Exercise requirements: Exact retyping of the data: please keep every word and drop each picture.

START Collected material

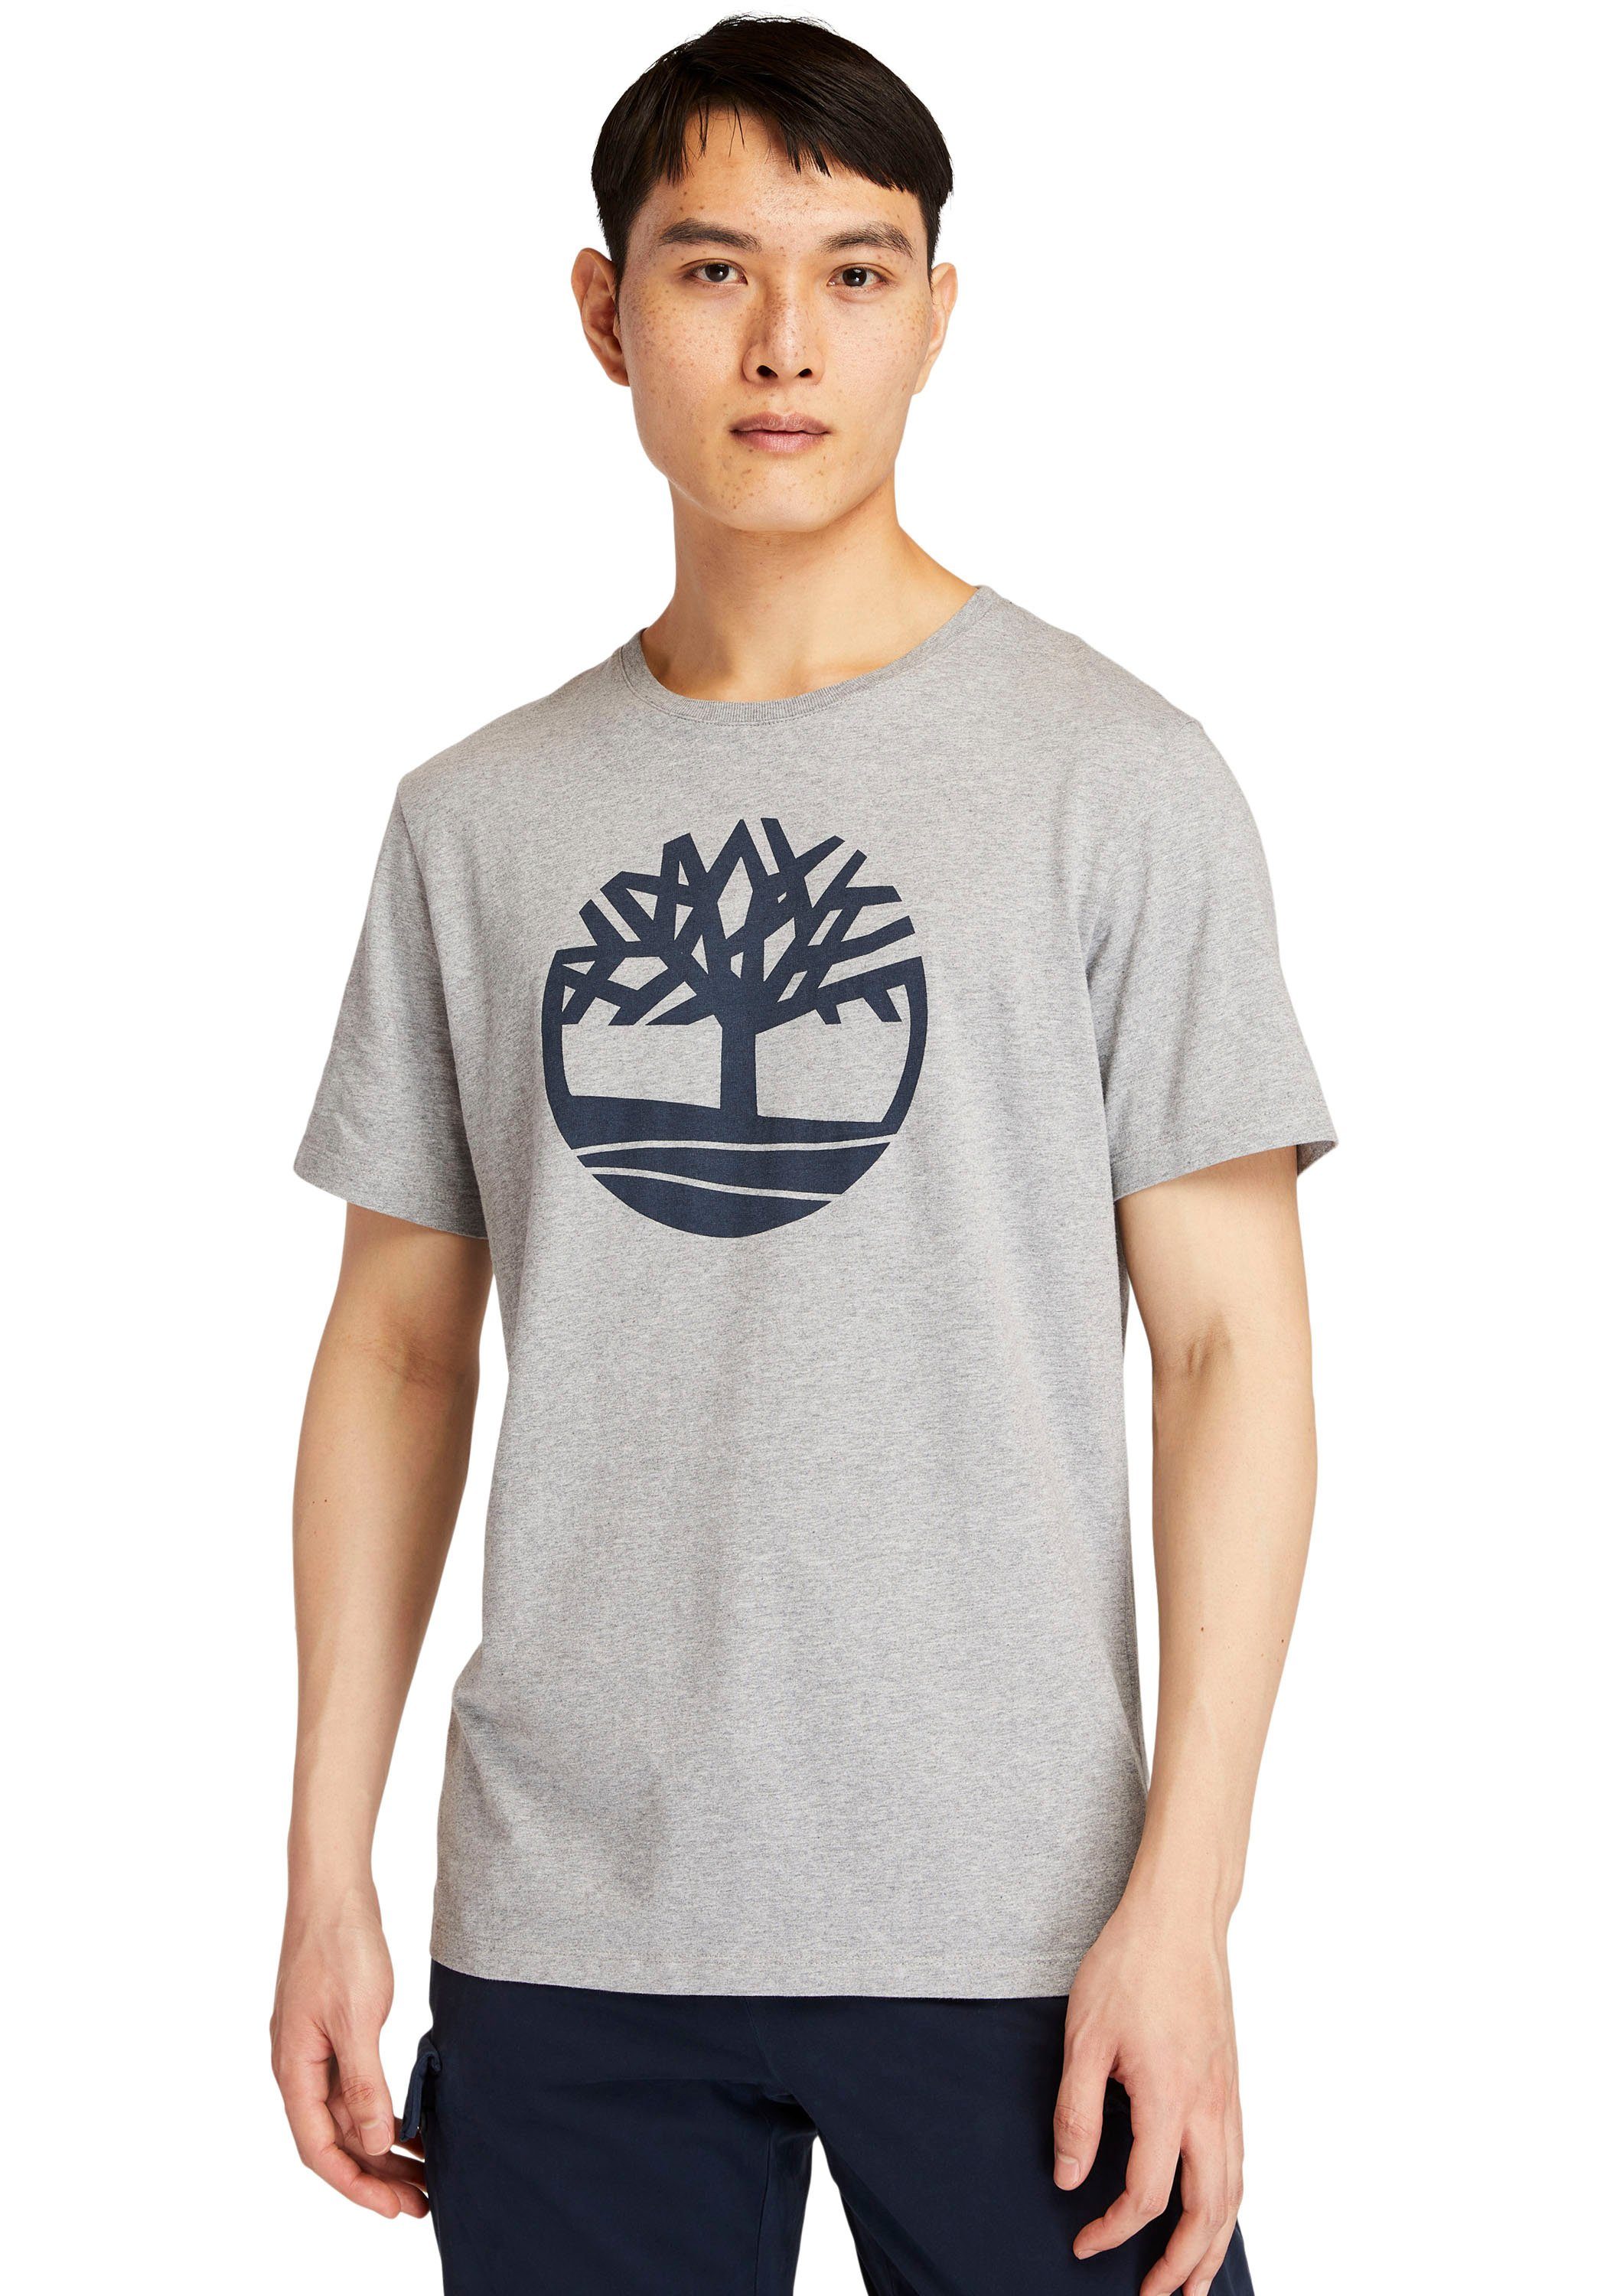 Timberland T-Shirt Kennebec River Tree grau meliert | Sport-T-Shirts
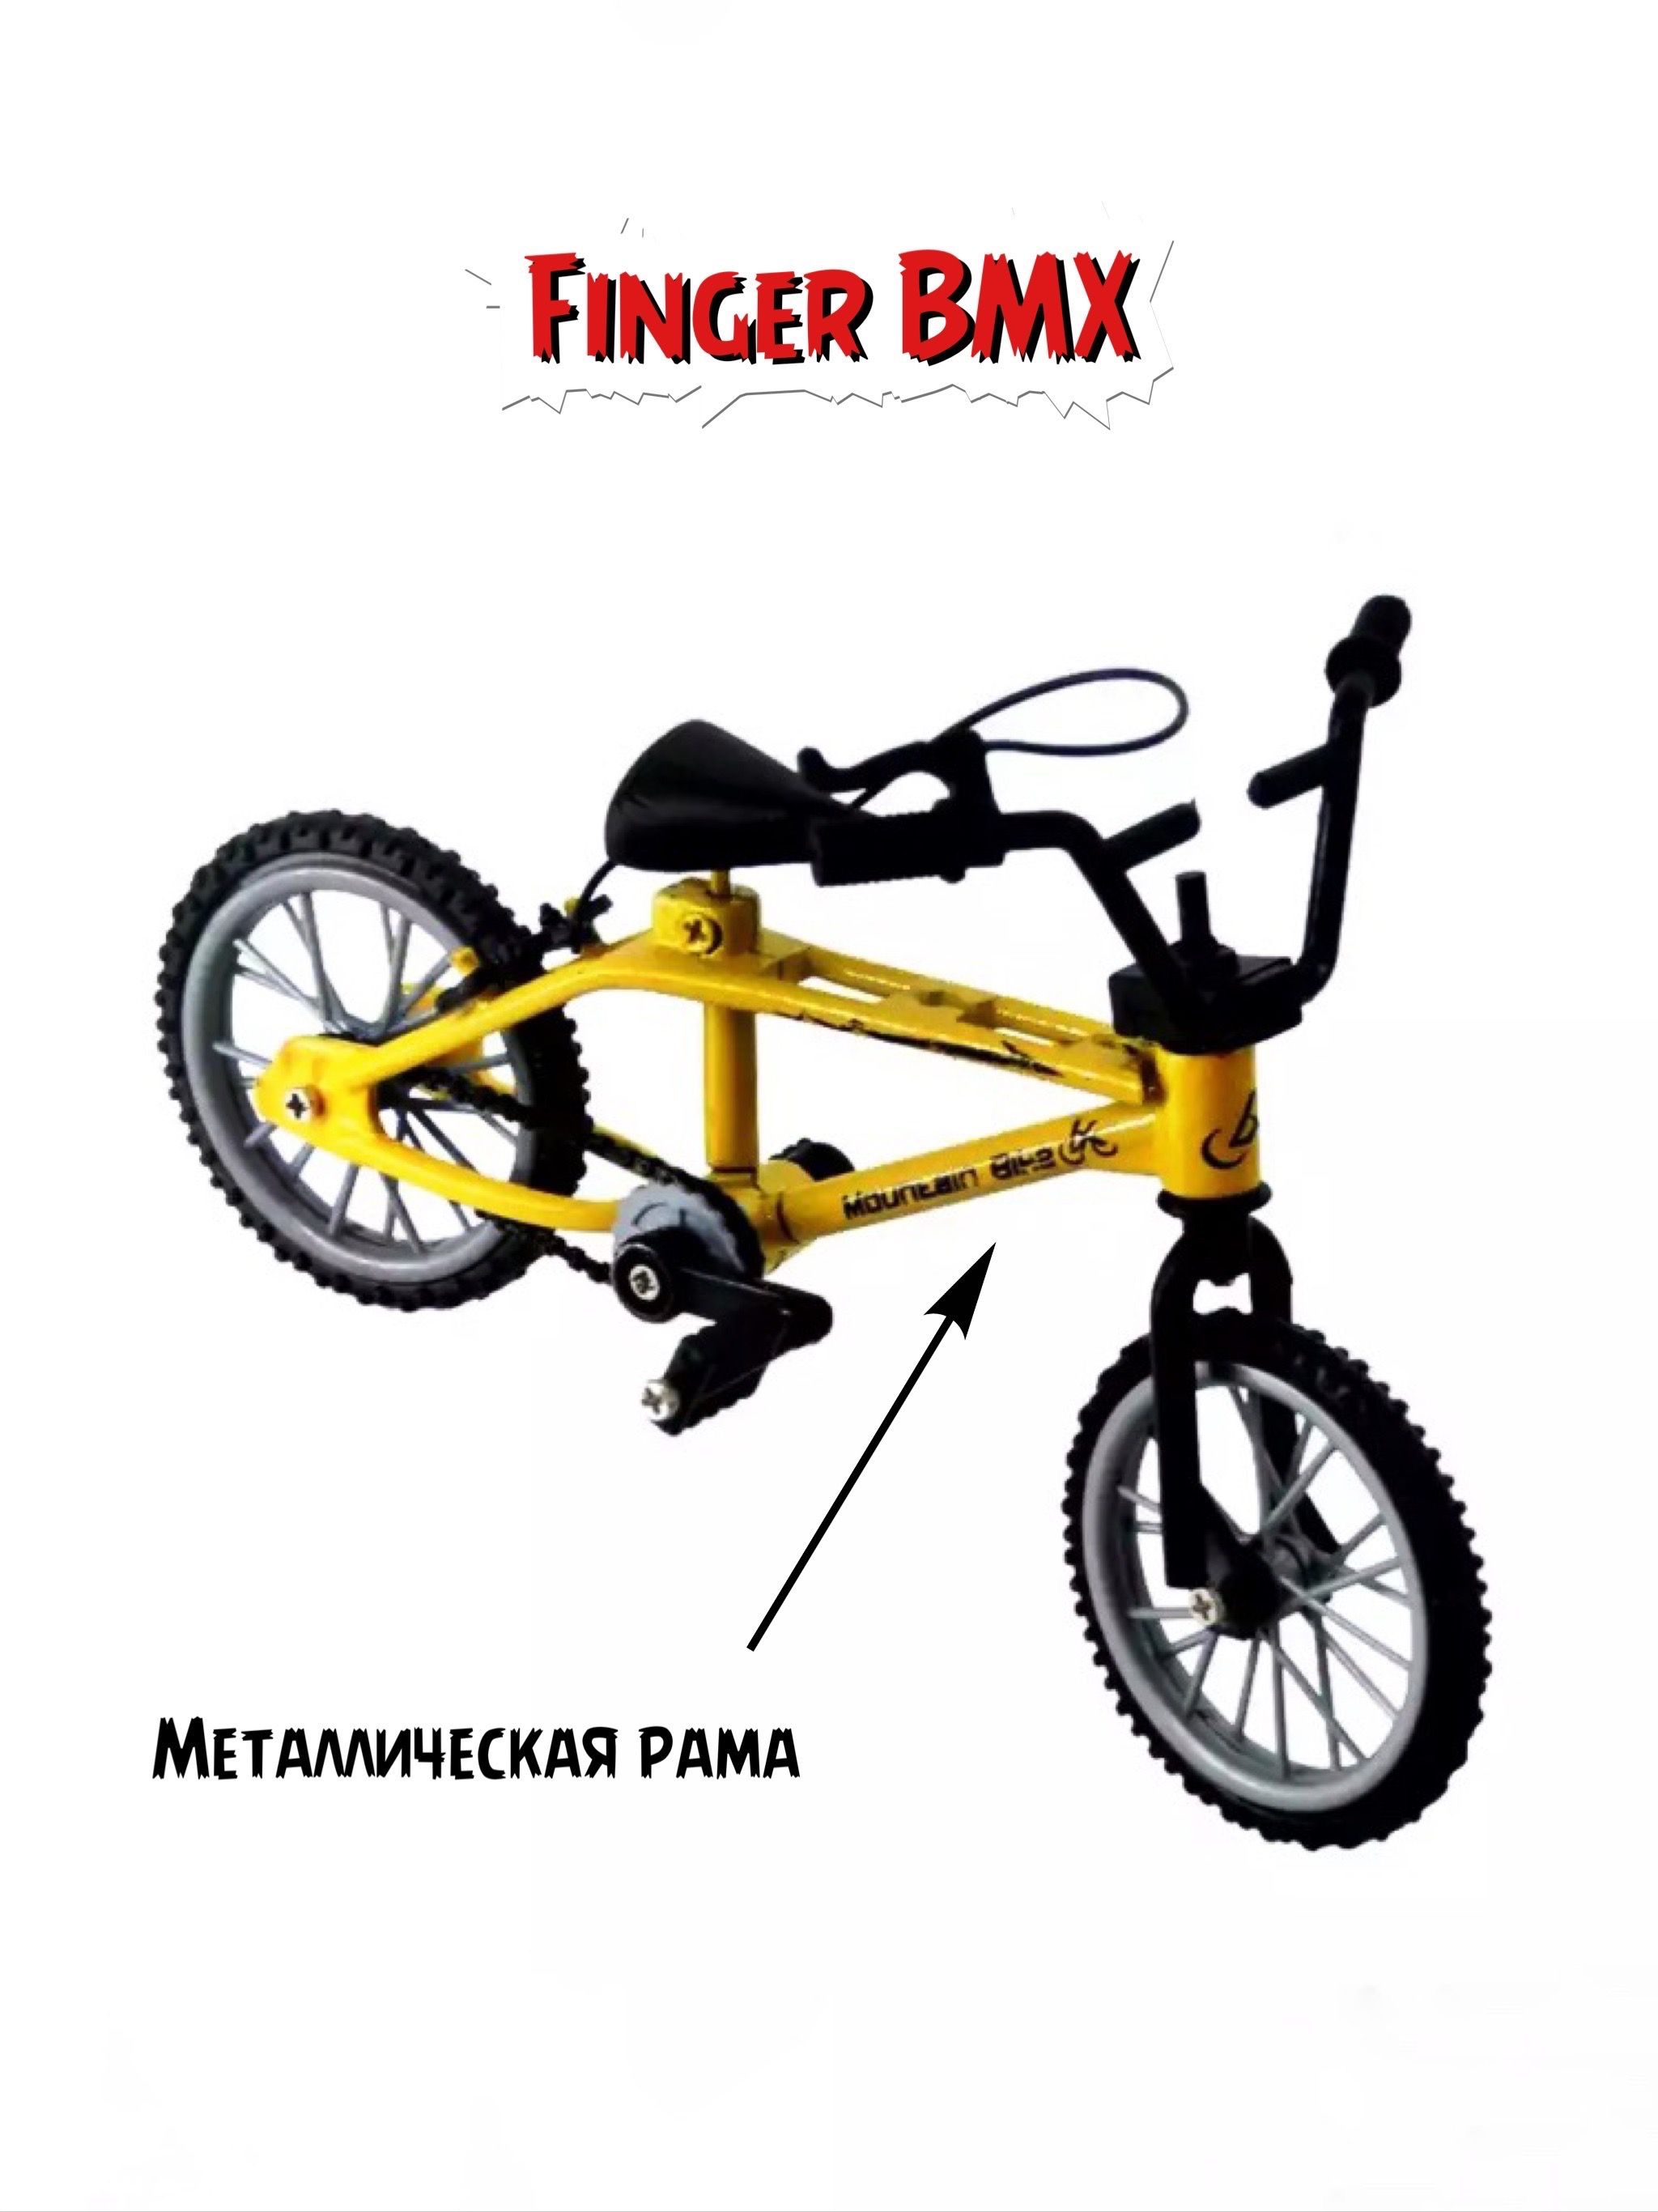 Как делать трюки на фингер BMX
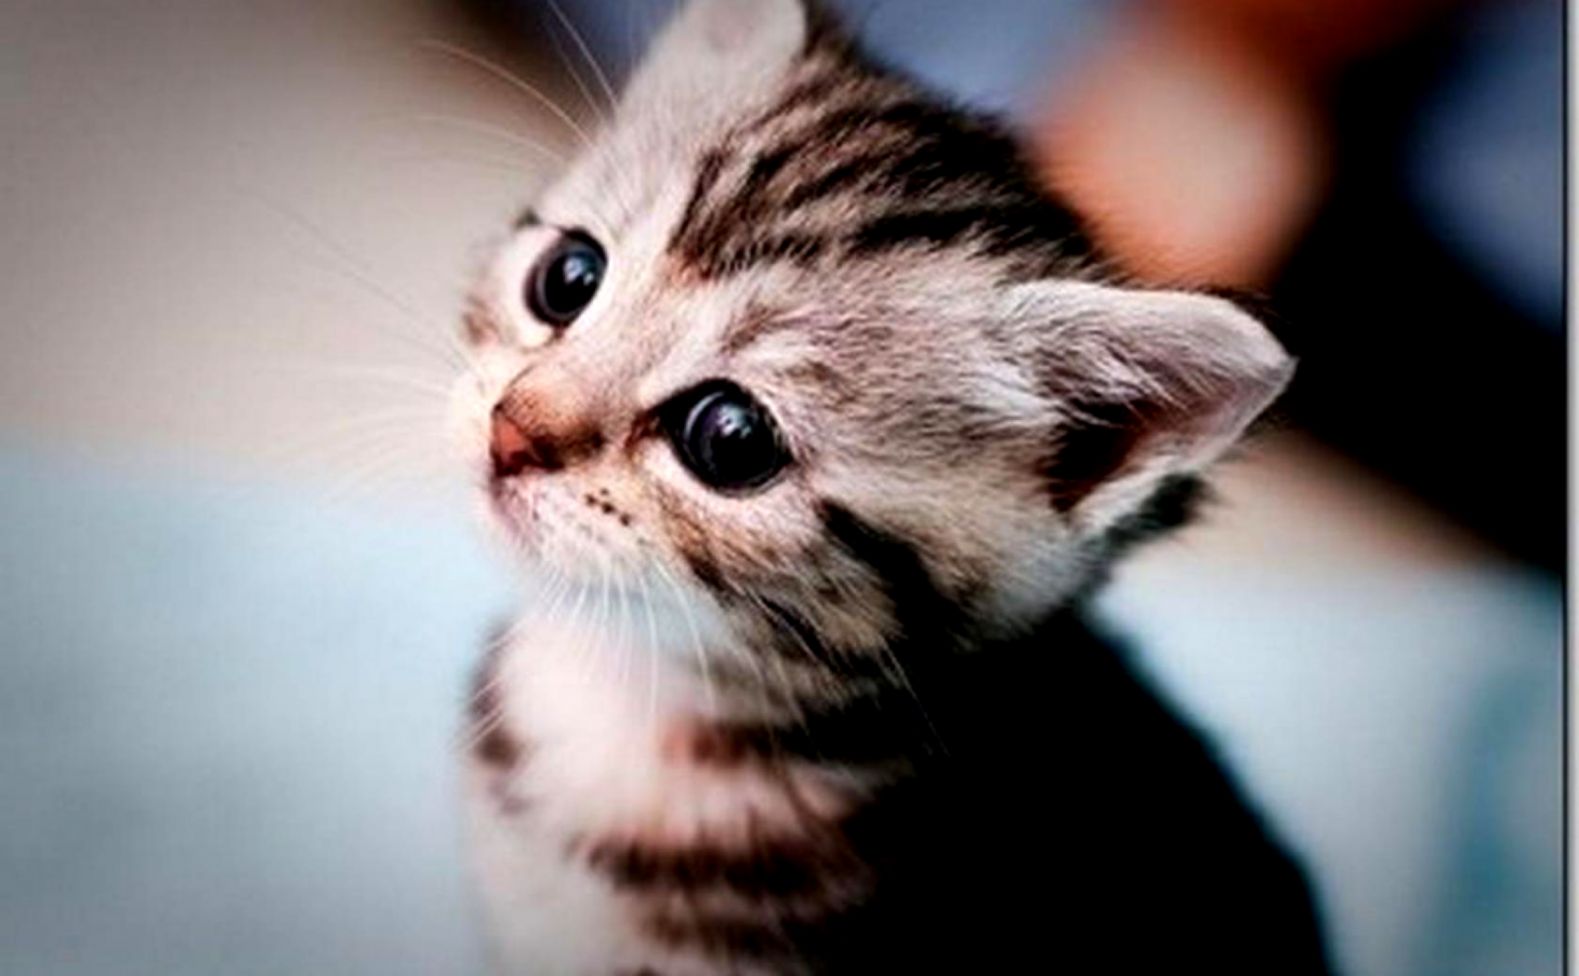 Cute Kitten Wallpaper Photos

END Collected material

Response to this exercise:
 Timberland T-Shirt Kennebec River Tree grau meliert | Sport-T-Shirts
 Как делать трюки на фингер BMX
 Cute Kitten Wallpaper Photos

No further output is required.